Construction Underway on Kentucky's Largest Solar Farm

Construction of what would be the largest solar array in Kentucky is underway. National Grid Renewables on Dec. 14 said the company’s 160-MW Unbridled project, located in Webster and Henderson counties about 40 miles south of Evansville, Indiana, and 160 miles southwest of Louisville, is expected to enter commercial operation next year.

Unbridled is National Grid’s first project in Kentucky, a state long dependent on coal-fired generation for its electricity supply. The solar farm has a power purchase agreement in place with Big Rivers Electric Corp., which is partnering with Wanzek Construction on the project’s build.

“We’re both proud and excited to be constructing the largest solar renewable energy project in the state of Kentucky,” said Blake Nixon, President of National Grid Renewables. “Unbridled is our first project within the state and exemplifies our commitment to the clean energy transition and the benefits it provides to rural economies in the form of new tax revenue and jobs throughout America.”

Economic Impact

National Grid Renewables said the project is estimated to provide about $42 million in direct economic impact over the first 20 years of the solar farm’s operation. Officials said the array is responsible for the creation of at least 200 jobs, and will provide more than $11 million in new tax revenue for the region, along with than $24 million to local farmers and landowners.

Government data shows Kentucky ranks 43rd in the U.S. with just 172 MW of installed solar power capacity. That accounts for less than one-half of 1% of the state’s power generation. Kentucky has no state targets or mandates for the use of renewable energy resources, and has no operating utility-scale wind power generation.

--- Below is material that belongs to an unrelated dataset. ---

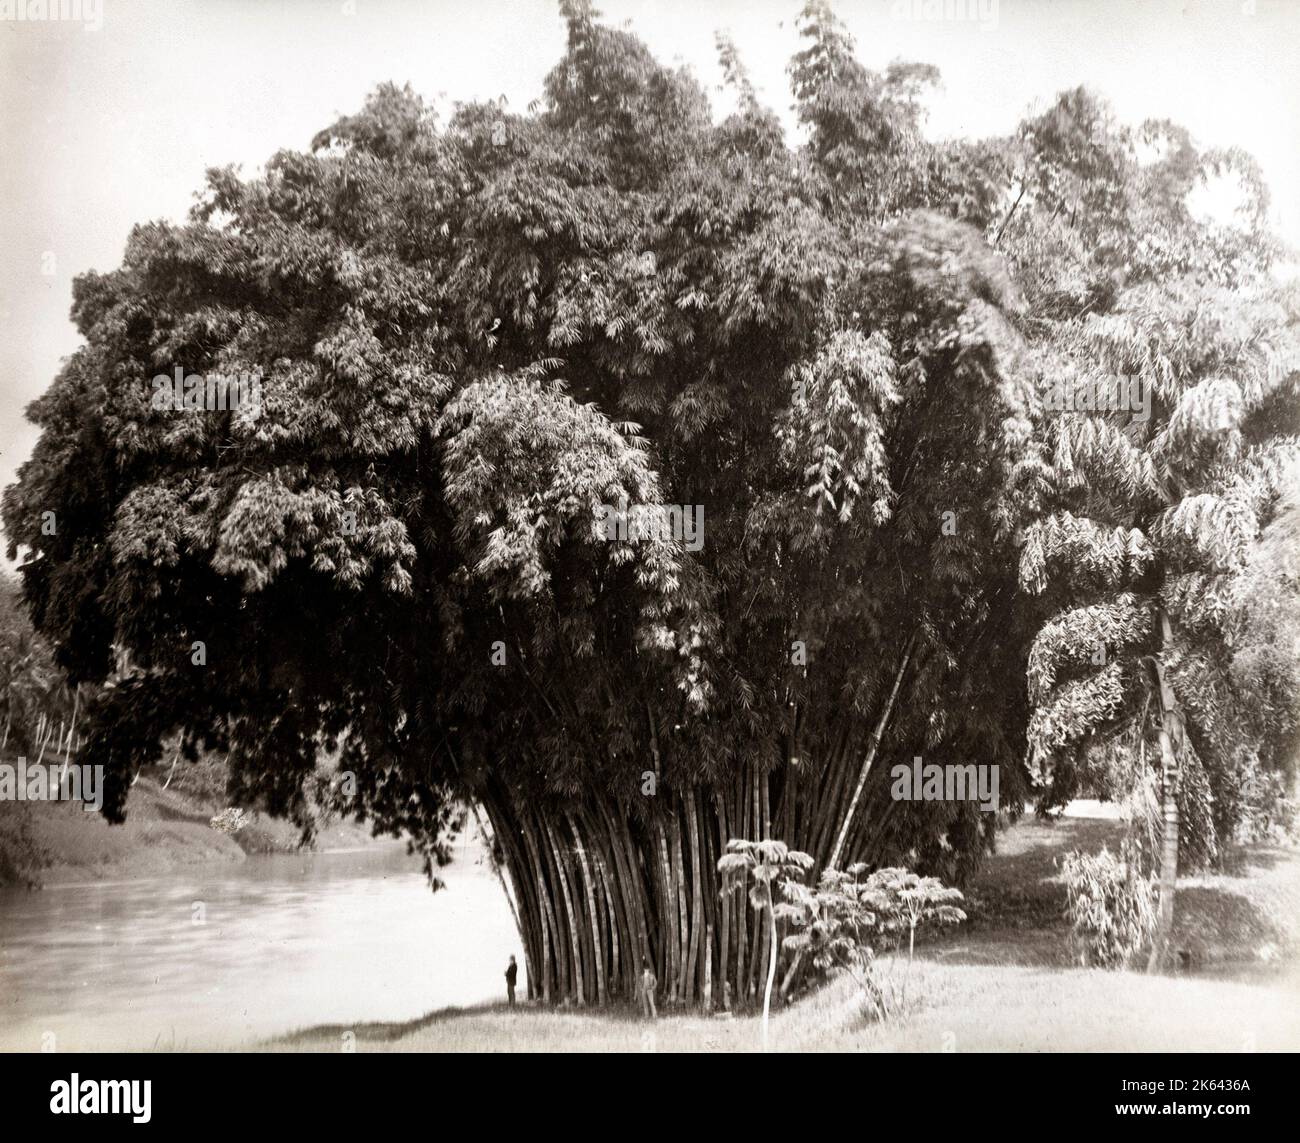 Photographie vintage du 19th siècle : bambou géant, Ceylan, Sri Lanka Banque D'Images

Unbridled might not be the state’s largest solar farm for long. State regulators recently approved a proposal by Louisville Gas and Electric and Kentucky Utilities (LG&E/KU) to install 877 MW of solar generation capacity, along with 500 MWh of battery energy storage, in the coming years. LG&E/KU earlier this year said the groups would close a handful of coal-fired and also natural gas-fired units in the state, while keeping plans to build two new gas-fired units.

BrightNight, a Florida-based renewable energy developer, earlier this year announced plans to build an 800-MW solar farm at the site of the former Starfire Mine, which was once among the largest coal mines in the U.S. The company said the BrightNight Starfire Renewable Energy Center, which would be located southeast of Lexington, would represent a $1 billion investment. BrightNight said Rivian, an electric vehicle manufacturer, and the Nature Conservancy already had agreements to purchase power from the facility.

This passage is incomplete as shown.